- Exercise details: An exact copy of all the data below is needed, without its pictures.

- The data:

[Start of section]

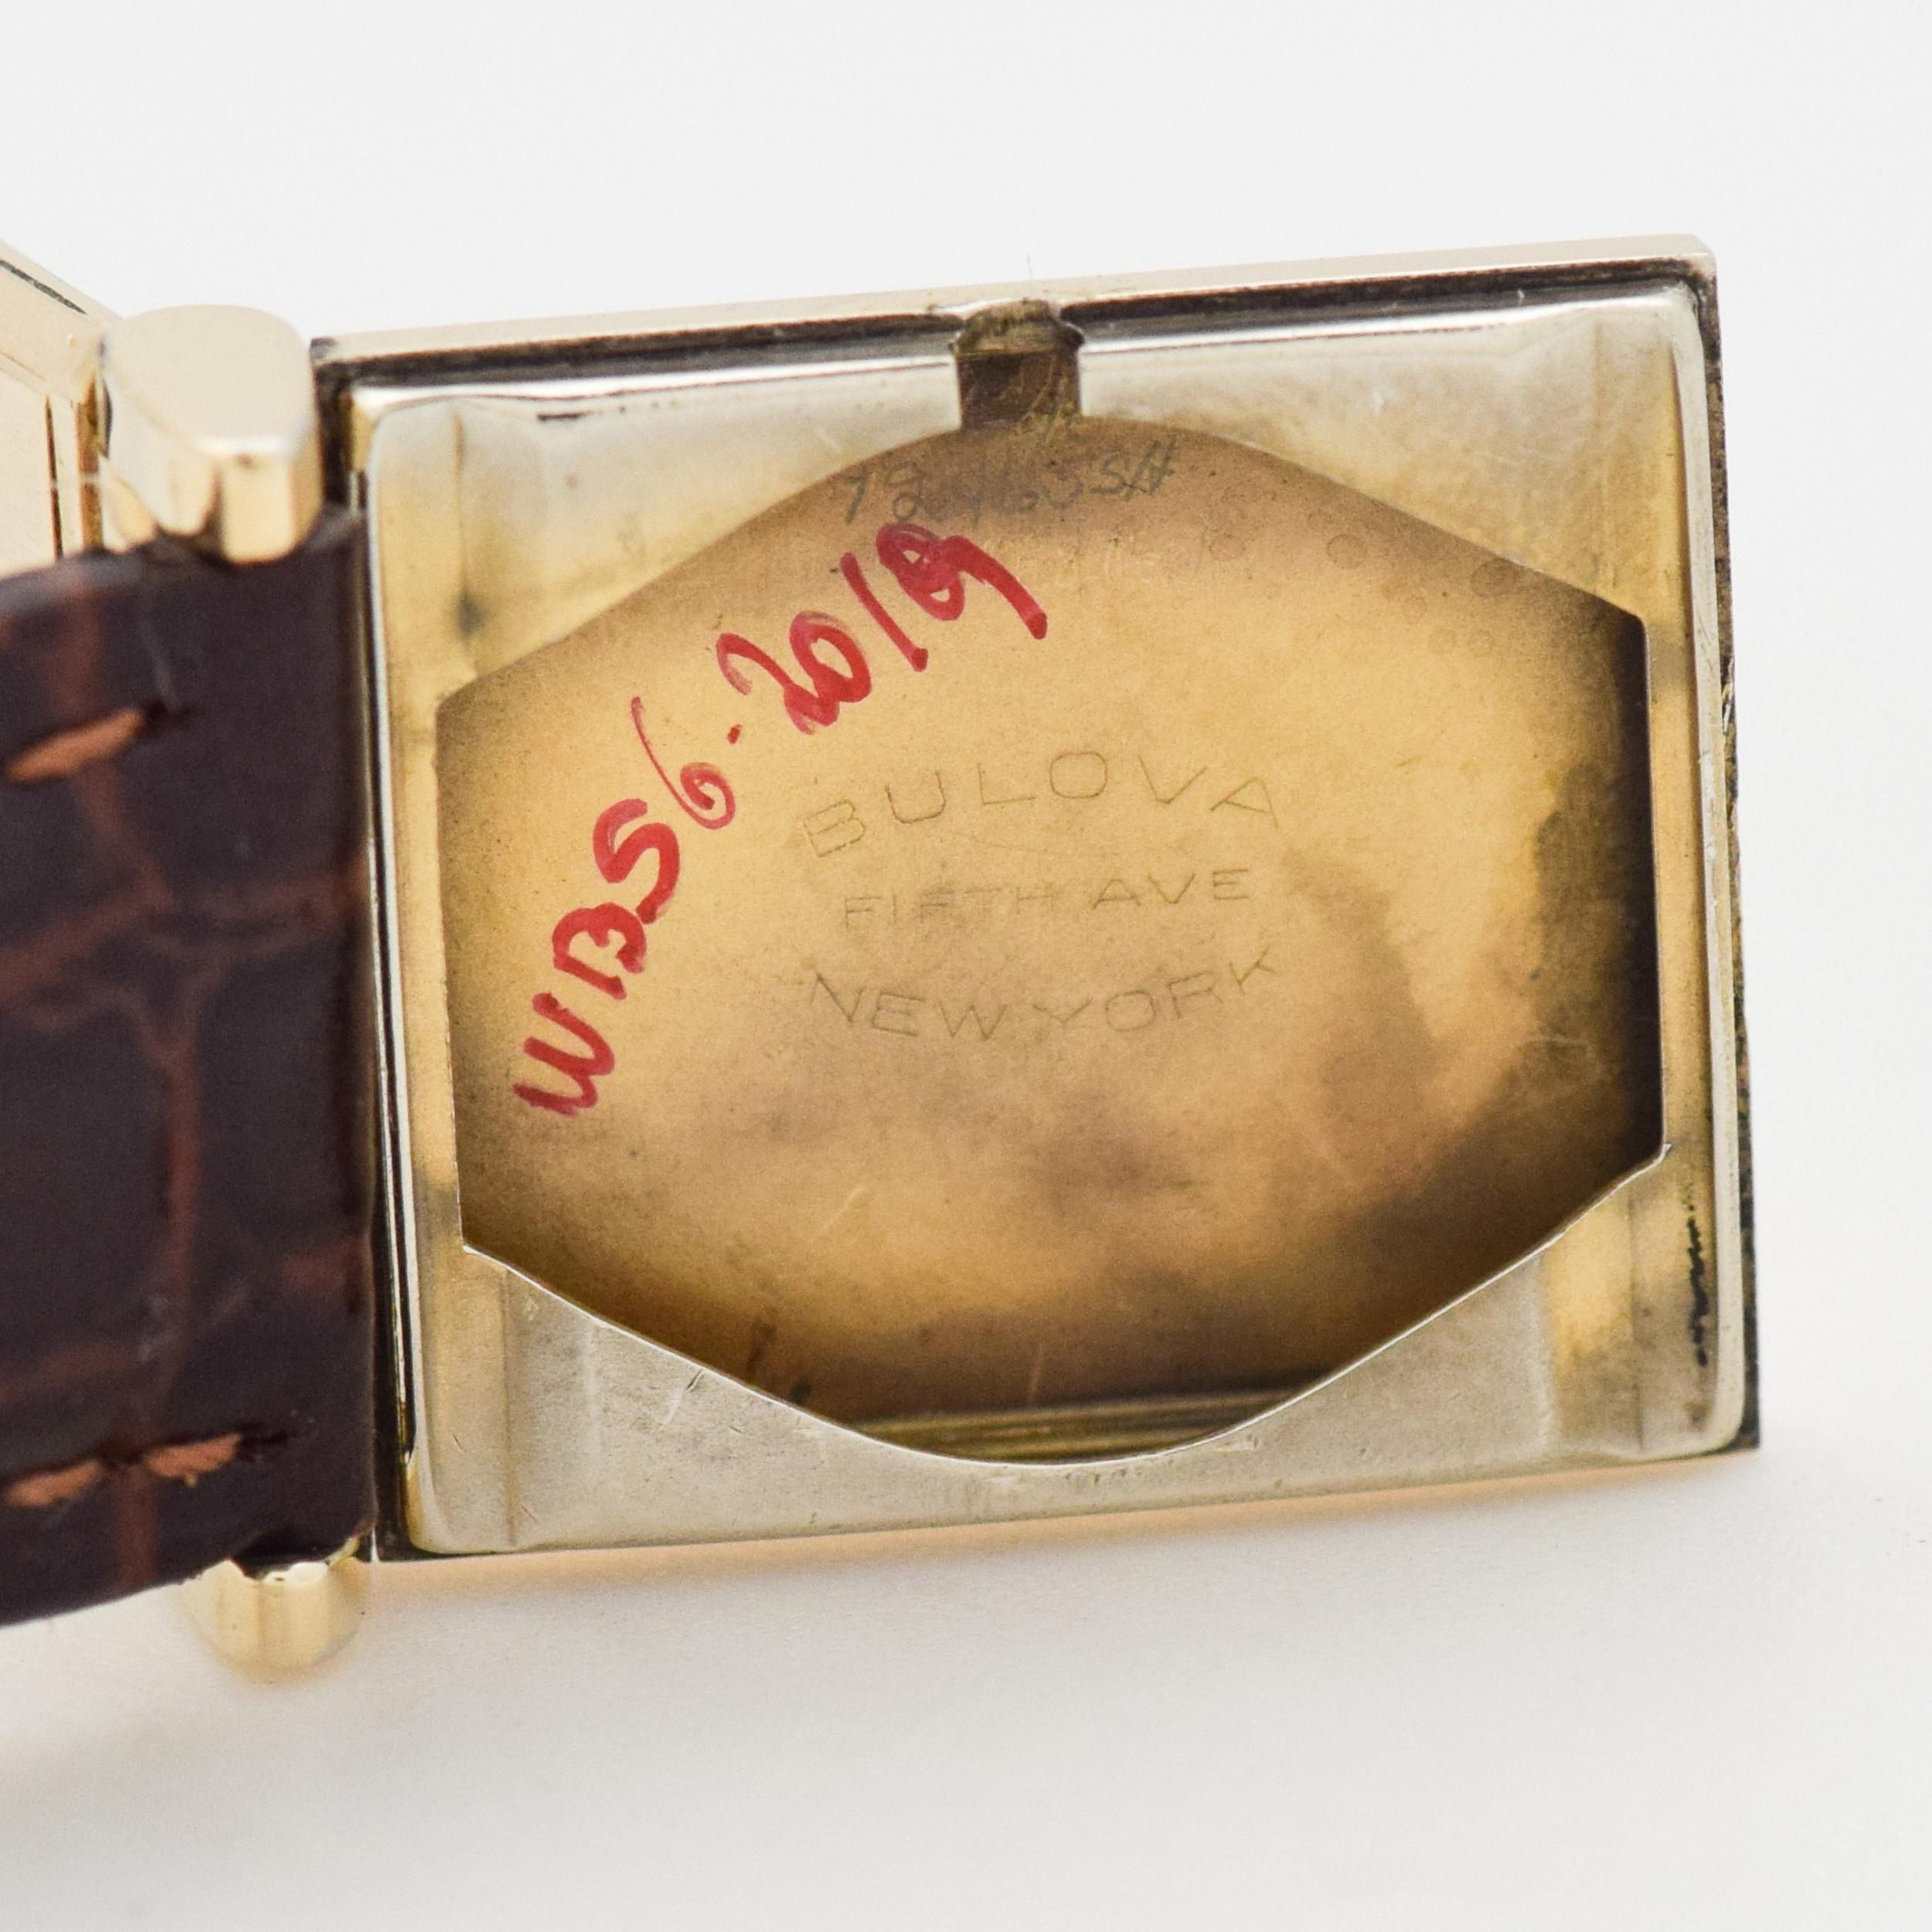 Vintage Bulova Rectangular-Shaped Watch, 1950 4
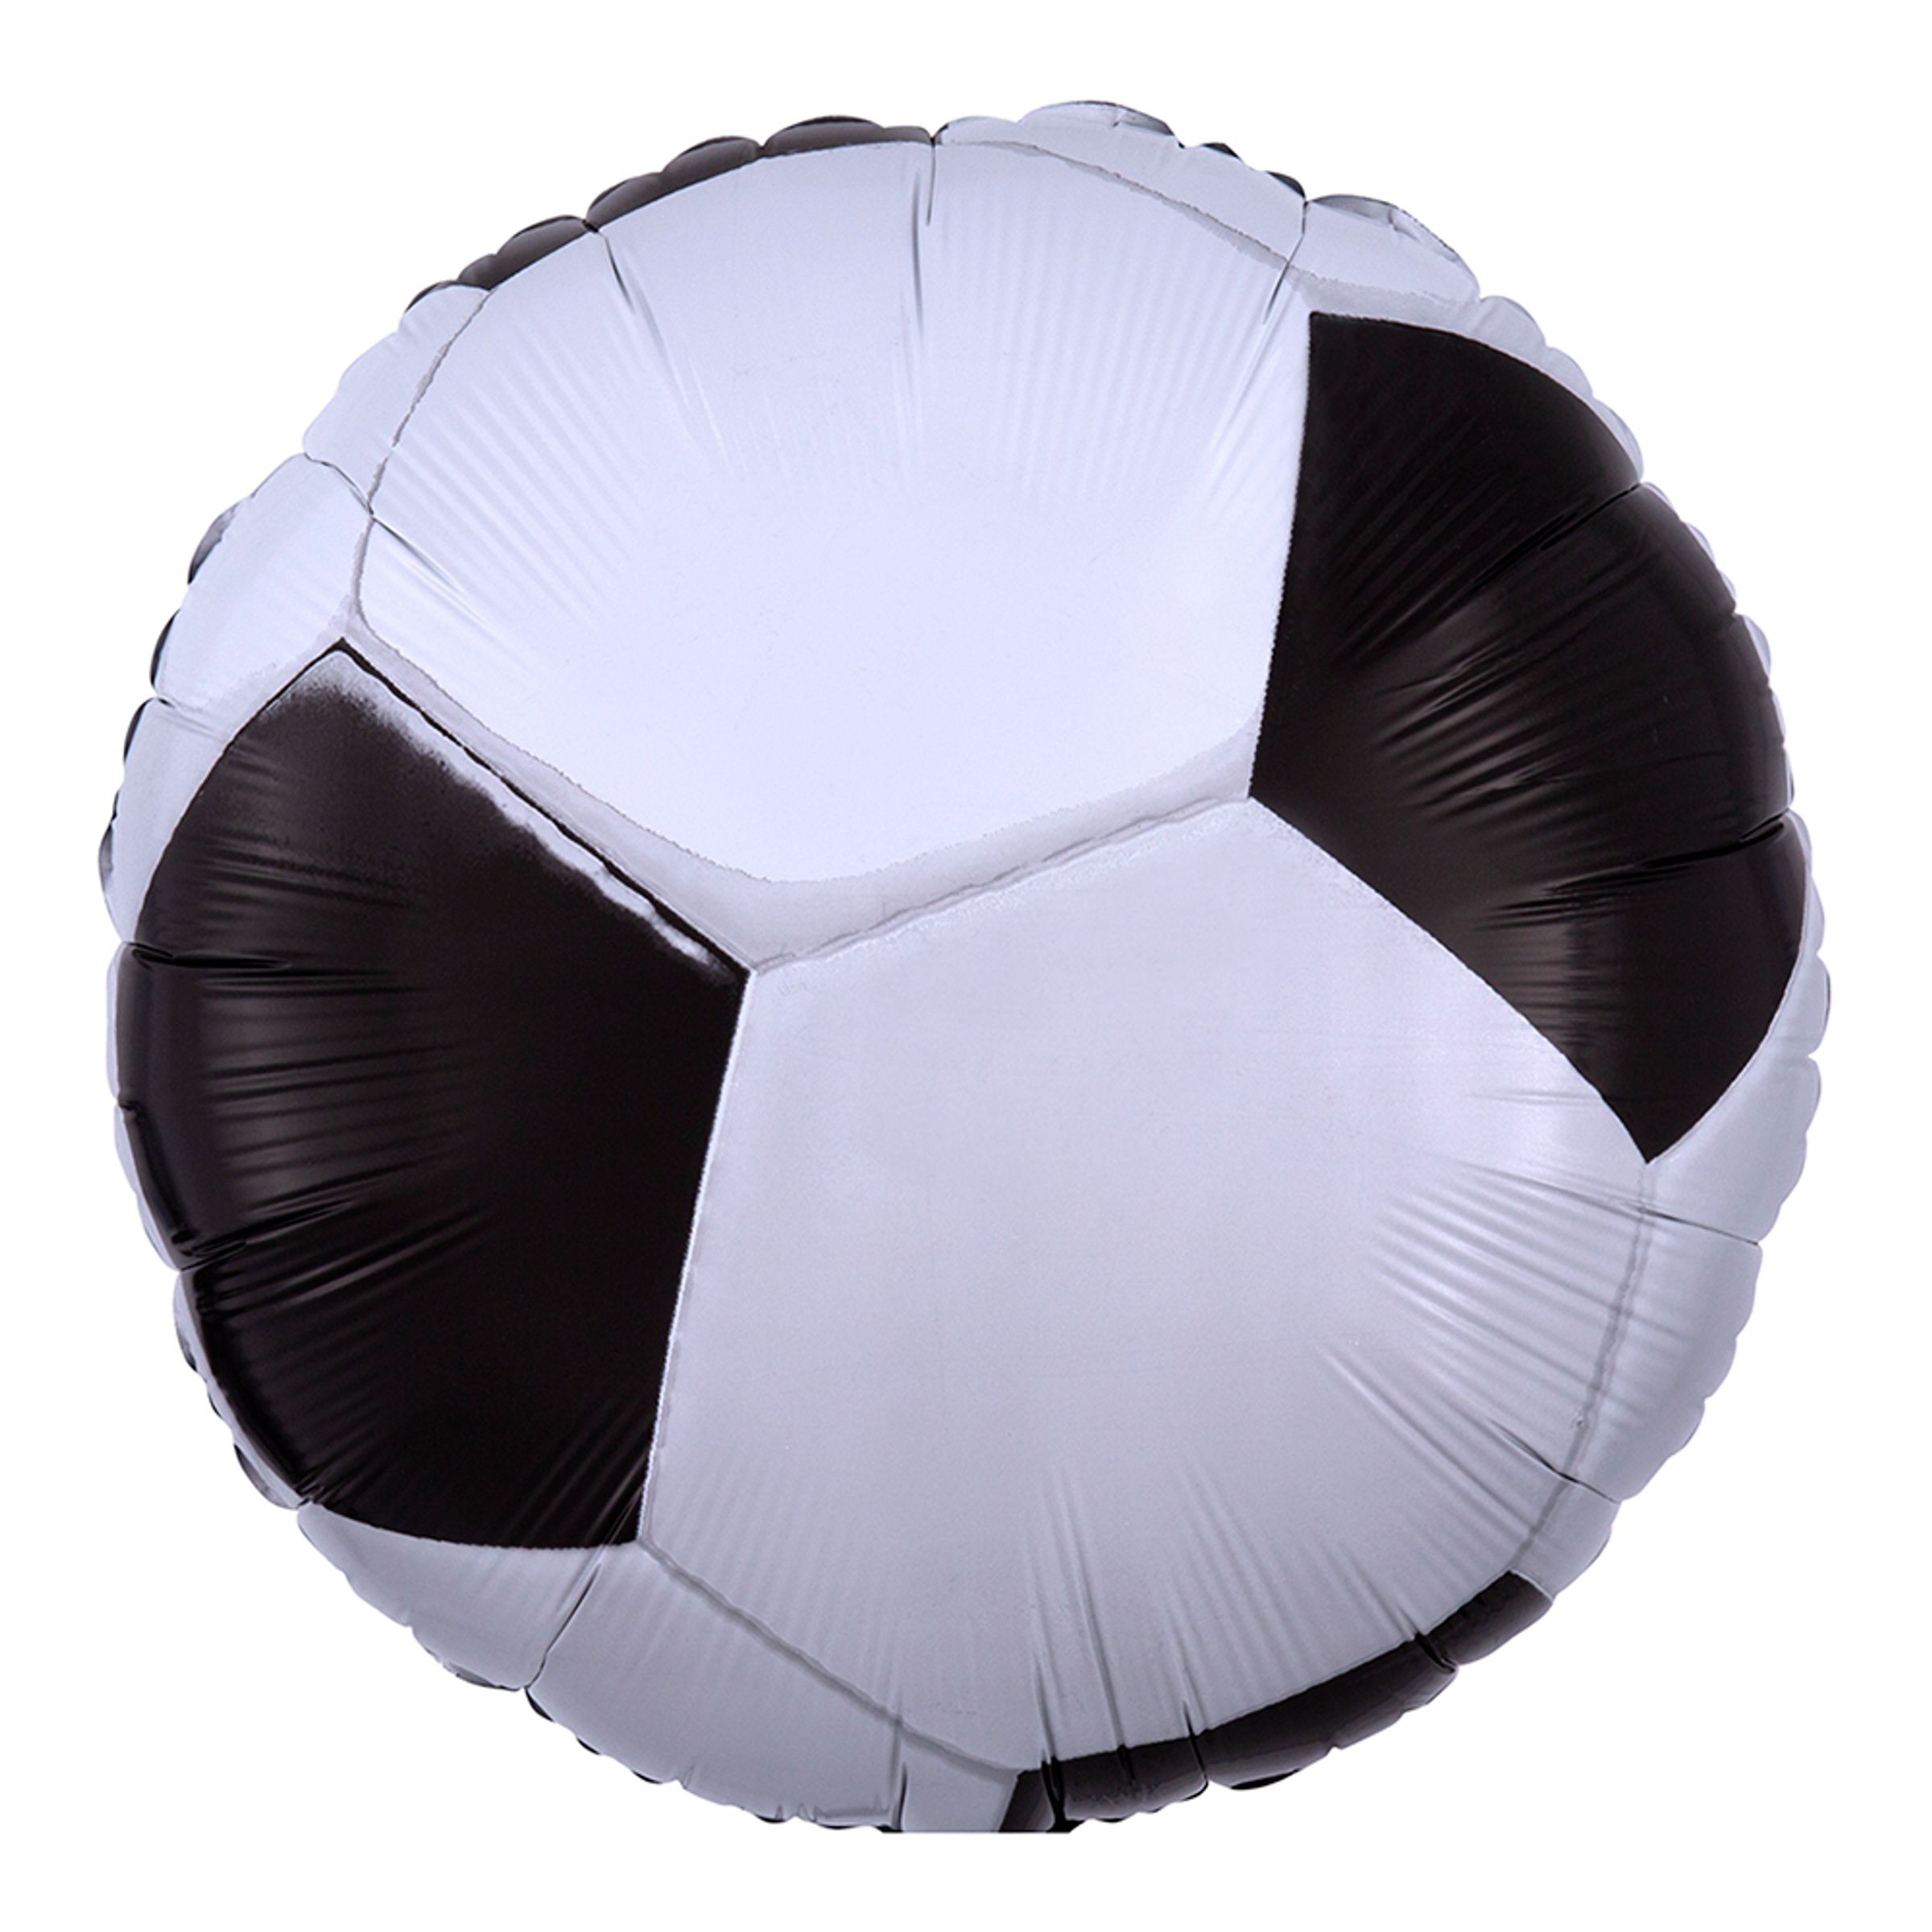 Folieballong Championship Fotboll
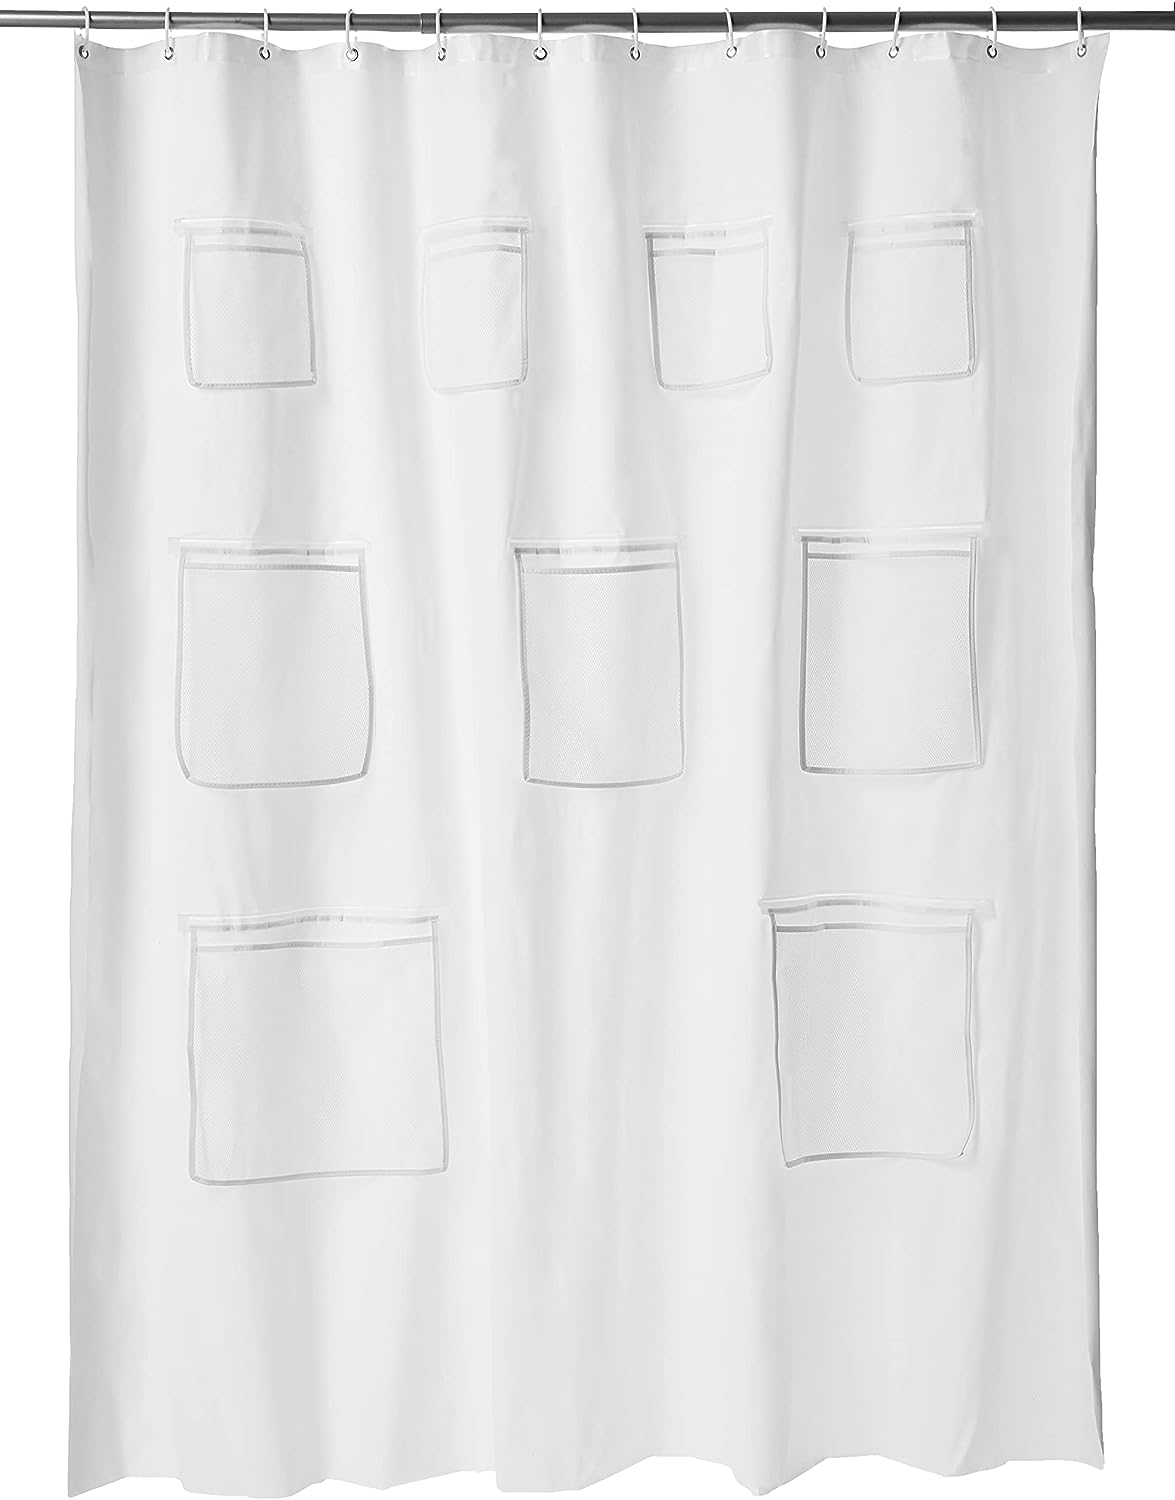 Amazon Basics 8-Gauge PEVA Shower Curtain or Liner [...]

[End of section]

- Result for this task:
 Vintage Bulova Rectangular-Shaped Watch, 1950 4
 Folieballong Championship Fotboll
 Amazon Basics 8-Gauge PEVA Shower Curtain or Liner [...]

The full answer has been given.